Liss, 35, who worked for Cuomo for two years before leaving in 2015, said the phone call came two days after Boylan, 36, first tweeted about being sexually harassed by the governor, 63.
While Boylan did not detail her allegations initially, she published an online essay last month alleging that Cuomo kissed her "on the lips" without her consent in his Manhattan office in 2018. She also claimed he asked her to "play strip poker" with him during an October 2017 flight on his official state jet.
After Boylan stepped forward with her allegations, it opened the floodgates for five other women to come out with their own accusations of being sexually harassed by Cuomo and other kinds of inappropriate behavior he indulged in.
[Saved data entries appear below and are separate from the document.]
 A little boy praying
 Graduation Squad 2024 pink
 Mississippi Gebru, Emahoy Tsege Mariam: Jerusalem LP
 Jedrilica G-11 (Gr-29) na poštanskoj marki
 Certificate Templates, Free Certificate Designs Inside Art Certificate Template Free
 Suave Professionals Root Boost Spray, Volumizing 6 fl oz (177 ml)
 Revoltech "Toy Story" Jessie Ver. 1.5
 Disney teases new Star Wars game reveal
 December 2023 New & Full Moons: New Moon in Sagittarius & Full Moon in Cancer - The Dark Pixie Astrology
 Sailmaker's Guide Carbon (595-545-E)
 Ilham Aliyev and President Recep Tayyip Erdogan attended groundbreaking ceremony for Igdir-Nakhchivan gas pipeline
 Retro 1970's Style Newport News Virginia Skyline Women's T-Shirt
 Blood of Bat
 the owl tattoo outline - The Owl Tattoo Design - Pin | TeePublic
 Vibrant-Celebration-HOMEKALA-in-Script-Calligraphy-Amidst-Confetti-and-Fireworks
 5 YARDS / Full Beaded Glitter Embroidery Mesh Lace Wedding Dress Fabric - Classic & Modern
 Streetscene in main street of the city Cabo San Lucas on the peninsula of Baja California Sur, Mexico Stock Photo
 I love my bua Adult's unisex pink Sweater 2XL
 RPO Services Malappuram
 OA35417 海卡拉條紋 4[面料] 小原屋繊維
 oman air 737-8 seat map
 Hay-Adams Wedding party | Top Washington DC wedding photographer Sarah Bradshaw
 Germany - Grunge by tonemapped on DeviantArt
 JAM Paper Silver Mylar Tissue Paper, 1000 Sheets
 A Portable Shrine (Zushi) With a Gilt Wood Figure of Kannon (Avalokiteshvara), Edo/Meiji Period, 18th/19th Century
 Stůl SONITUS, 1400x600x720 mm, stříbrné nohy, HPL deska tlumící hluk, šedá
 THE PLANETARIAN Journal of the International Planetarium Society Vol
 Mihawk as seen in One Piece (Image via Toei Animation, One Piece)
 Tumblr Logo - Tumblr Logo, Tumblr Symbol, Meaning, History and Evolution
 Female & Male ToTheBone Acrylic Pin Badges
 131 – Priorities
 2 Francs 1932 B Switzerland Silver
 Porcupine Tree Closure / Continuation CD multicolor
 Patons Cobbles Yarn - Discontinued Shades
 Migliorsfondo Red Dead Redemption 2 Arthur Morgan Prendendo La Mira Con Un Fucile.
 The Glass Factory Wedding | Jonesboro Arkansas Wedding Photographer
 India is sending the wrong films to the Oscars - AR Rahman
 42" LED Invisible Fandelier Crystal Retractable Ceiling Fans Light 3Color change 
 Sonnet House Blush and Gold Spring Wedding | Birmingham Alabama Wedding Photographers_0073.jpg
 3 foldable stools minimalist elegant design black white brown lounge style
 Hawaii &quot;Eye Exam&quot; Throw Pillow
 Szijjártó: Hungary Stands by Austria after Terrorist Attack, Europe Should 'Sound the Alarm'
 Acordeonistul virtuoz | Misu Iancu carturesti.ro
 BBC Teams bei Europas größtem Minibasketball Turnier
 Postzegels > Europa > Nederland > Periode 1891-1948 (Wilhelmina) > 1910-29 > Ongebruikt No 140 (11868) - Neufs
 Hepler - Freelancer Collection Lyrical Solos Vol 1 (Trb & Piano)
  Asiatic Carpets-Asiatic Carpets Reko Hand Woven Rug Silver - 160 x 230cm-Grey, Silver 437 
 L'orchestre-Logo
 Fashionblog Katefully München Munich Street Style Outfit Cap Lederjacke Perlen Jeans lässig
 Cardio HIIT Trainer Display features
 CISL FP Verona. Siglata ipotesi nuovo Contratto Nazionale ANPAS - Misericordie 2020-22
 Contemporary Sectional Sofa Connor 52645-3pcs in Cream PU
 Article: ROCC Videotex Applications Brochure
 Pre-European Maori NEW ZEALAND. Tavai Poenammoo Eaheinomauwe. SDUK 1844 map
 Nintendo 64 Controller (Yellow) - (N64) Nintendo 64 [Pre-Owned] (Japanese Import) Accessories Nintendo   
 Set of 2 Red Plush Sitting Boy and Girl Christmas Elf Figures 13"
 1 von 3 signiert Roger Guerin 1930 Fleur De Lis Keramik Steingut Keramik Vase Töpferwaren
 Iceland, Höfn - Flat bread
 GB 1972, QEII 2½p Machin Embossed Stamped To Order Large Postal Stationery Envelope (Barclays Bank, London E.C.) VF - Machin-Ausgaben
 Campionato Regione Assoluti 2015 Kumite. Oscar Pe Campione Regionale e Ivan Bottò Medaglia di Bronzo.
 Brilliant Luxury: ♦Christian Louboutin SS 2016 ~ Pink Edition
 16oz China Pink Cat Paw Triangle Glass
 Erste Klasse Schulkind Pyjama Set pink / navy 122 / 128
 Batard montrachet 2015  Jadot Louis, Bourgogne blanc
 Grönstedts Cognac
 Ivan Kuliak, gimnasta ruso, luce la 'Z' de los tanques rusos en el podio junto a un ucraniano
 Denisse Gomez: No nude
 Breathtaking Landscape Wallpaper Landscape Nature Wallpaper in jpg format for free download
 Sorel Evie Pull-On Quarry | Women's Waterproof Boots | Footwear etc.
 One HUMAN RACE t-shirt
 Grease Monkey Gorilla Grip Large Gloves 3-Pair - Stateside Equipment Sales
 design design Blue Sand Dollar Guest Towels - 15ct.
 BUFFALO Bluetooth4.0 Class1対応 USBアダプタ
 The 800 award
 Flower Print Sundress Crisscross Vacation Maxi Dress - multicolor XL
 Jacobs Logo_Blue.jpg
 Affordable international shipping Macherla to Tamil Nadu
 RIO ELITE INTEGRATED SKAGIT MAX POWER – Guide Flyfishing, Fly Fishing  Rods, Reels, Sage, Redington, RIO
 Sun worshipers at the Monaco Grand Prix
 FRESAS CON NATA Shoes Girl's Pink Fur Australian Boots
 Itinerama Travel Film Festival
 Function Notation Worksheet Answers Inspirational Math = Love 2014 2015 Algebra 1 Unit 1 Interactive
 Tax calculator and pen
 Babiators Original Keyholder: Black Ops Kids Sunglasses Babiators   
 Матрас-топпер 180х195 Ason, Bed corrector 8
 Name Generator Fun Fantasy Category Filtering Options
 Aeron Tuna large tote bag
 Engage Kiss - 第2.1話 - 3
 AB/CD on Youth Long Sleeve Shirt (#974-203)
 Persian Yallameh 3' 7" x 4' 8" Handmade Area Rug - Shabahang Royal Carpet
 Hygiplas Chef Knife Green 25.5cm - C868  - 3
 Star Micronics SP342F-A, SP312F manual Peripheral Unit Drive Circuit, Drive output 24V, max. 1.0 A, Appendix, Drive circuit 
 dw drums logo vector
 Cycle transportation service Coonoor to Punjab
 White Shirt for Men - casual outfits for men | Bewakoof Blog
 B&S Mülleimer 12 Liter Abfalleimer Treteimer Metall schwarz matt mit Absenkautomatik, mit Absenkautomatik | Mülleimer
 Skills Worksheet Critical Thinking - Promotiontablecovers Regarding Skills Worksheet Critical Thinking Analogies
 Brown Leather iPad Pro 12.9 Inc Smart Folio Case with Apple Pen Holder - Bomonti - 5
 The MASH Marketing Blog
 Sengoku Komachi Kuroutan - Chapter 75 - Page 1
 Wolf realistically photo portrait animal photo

One of them was Liss.
Liss said in her interview on March 8 that after reading Boylan's initial tweets, she thought to herself, “Wow, that’s dangerous, good luck to you, I would never open my mouth, they’re going to crush you like a bug.” But after “this really started to blow up,” she continued, “I thought, ‘You know, maybe it isn’t as dangerous as I thought for Lindsey to speak out.'”
Liss also revealed how Boylan, after sharing her essay on Medium, called her "and said she was calling me because she saw me in the workplace and she knew I may have similar stories to share.” Boylan wrote in her essay how “two women reached out to me with their own experiences” following her tweets in December 2020, but had also told her that they were "too afraid to speak out.”
Liss has accused Cuomo of kissing her on both cheeks and grabbing her around the waist to pose for photos in Albany’s Executive Mansion, among other things. However, she claimed other women were allegedly “subject to much more explicit treatment than I was” by the governor.
“I decided to share my story because it’s a small piece of a much larger and more elaborate puzzle that I think New Yorkers should be aware of,” she said. “I don’t think Albany or state government, working in the Executive Chamber, is a safe space [for] young women early in their careers.”
As reported by the New York Post, Azzopardi said the call to Liss was simply an "attempt to give notice" that Boylan and others may reach out to her. “After Ms. Boylan’s tweets in December, she, and her lawyers and members of the press began reaching out to former members of the Chamber, many of whom never worked with her,” he said. “Those former members of the Chamber called to let various staff people know and convey that they were upset by the outreach. As a result, we proactively reached out to some former colleagues to check in and make sure they had a heads up.”